For reference, here is that old message with an algorithm that produces an
encrypted session key with a flat distribution over a specified number of
bytes, along with a proof that it works.  The purpose of this is you
could strip off the PGP header stuff and have a file which looked for all
intents and purposes like totally random bytes, but if you knew the
secret key then you could decrypt it just fine.

(I recently took my CP archives and indexed them using Mark Zimmermann's
(no relation to Phil, apparently) FreeText browser which lets me do
keyword searches.  Pretty nice.)

> Date: Mon, 7 Mar 94 08:34:04 -0800
> From: [email protected] (Eric Hughes)
> Message-Id: <[email protected]>
> To: [email protected]
> In-Reply-To: Hal's message of Sun, 6 Mar 1994 11:22:17 -0800 <[email protected]>
> Subject: Truly Stealthy PGP (algorithm)
> Sender: [email protected]
> Precedence: bulk
> Status: RO
> >If I understand Eric's general idea, we would keep trying session keys
> >under a set of rules which would lead to the desired statistical
> >distribution of the encrypted key.  
> I actually said nothing about how to get the particular distribution
> of keys specified, since that was another issue.  I was more concerned
> with just getting the one result across.

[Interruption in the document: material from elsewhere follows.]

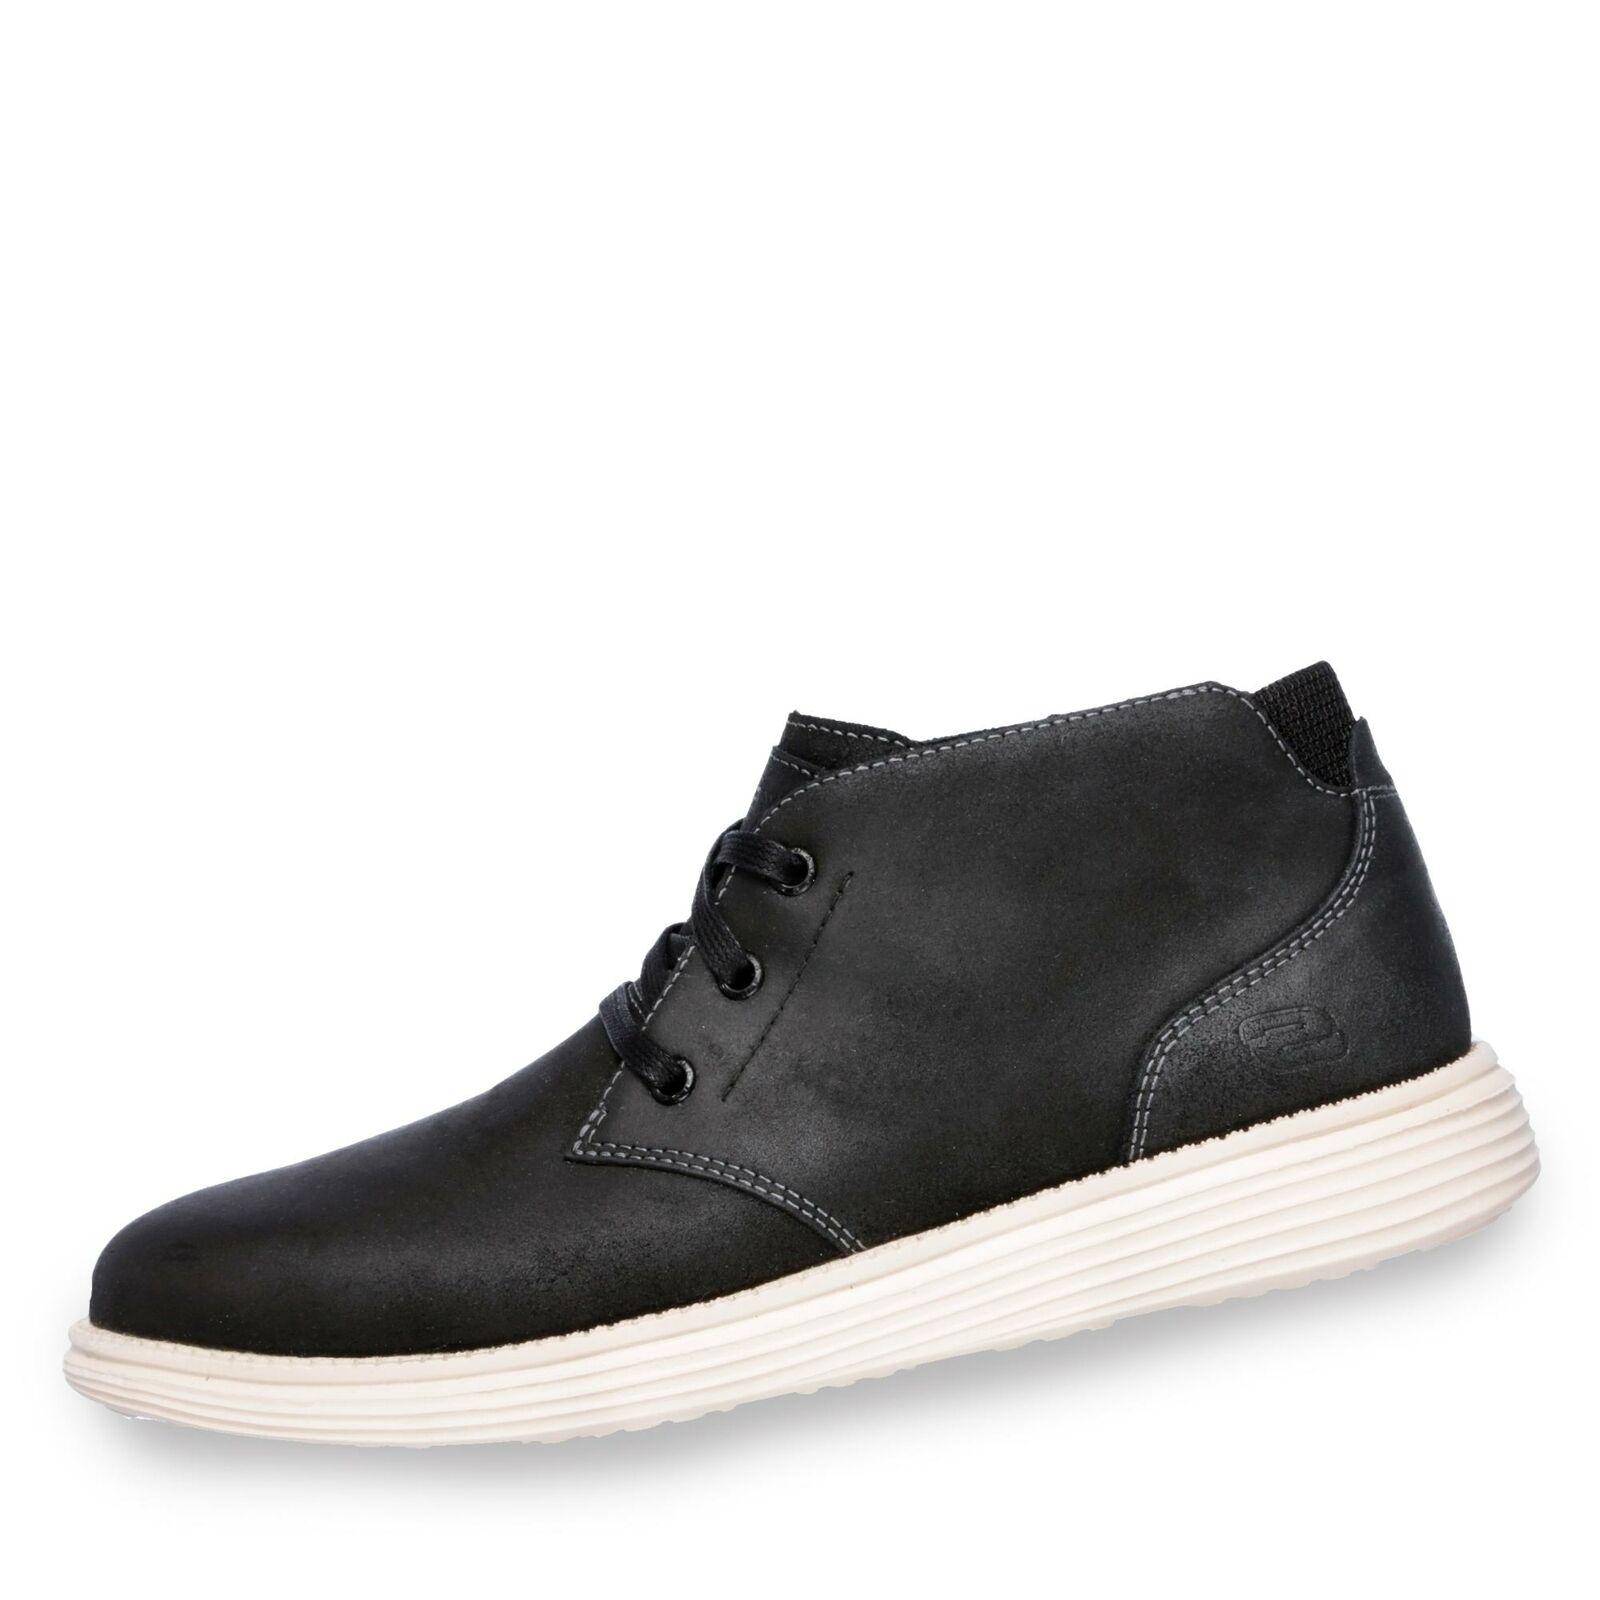 sports shoes b890b ac7e8 Rolano - Status Skechers Turnschuhe Herren schwarz Schuhe ...

> >Here is an algorithm which would work.
> It does work, and I'll put down a proof sketch below.
> Notation alert:
> >Let L be the next power of 256 above the modulus n.  Let t be the integer
> >part of L/n, so that L = n*t + s with s in [0,n).  Call the PGP IDEA session
> >key SK, and the encrypted version of that m = SK^e.  Now do these steps:
> >1) Pick a random SK in [0,n).
> This random number in [0,n) is the wrong distribution, but that's OK,
> since we'll be throwing some numbers away.
> >2) RSA-encrypt it to form m = SK^e mod n.
> RSA encryption is a bijection (an 1-1 map).  If it were not, there
> would be two or more possible decryptions for a given ciphertext.
> Therefore RSA encryption is a permutation, and a permutation of
> probabilities preserves expected values of functions of the
> probability, such as entropy.  Since we assume the entropy of the SK
> is maximal (probabilistic entropy), therefore the entropy of the m's
> is maximal.  So the m's have a flat distribution.
> (As always, the above statements about bijection hold only if SK is
> multiple of one of the divisors of the modulus.  But then if you do
> find one of those, you've also factored the modulus and thus broken
> the key.  We assume this doesn't happen, since if it does little of
> this matters anyway.)
> >3) Choose a random k in [0,t].
> >4) Calculate the "stegged" encrypted key as M = m + k*n.  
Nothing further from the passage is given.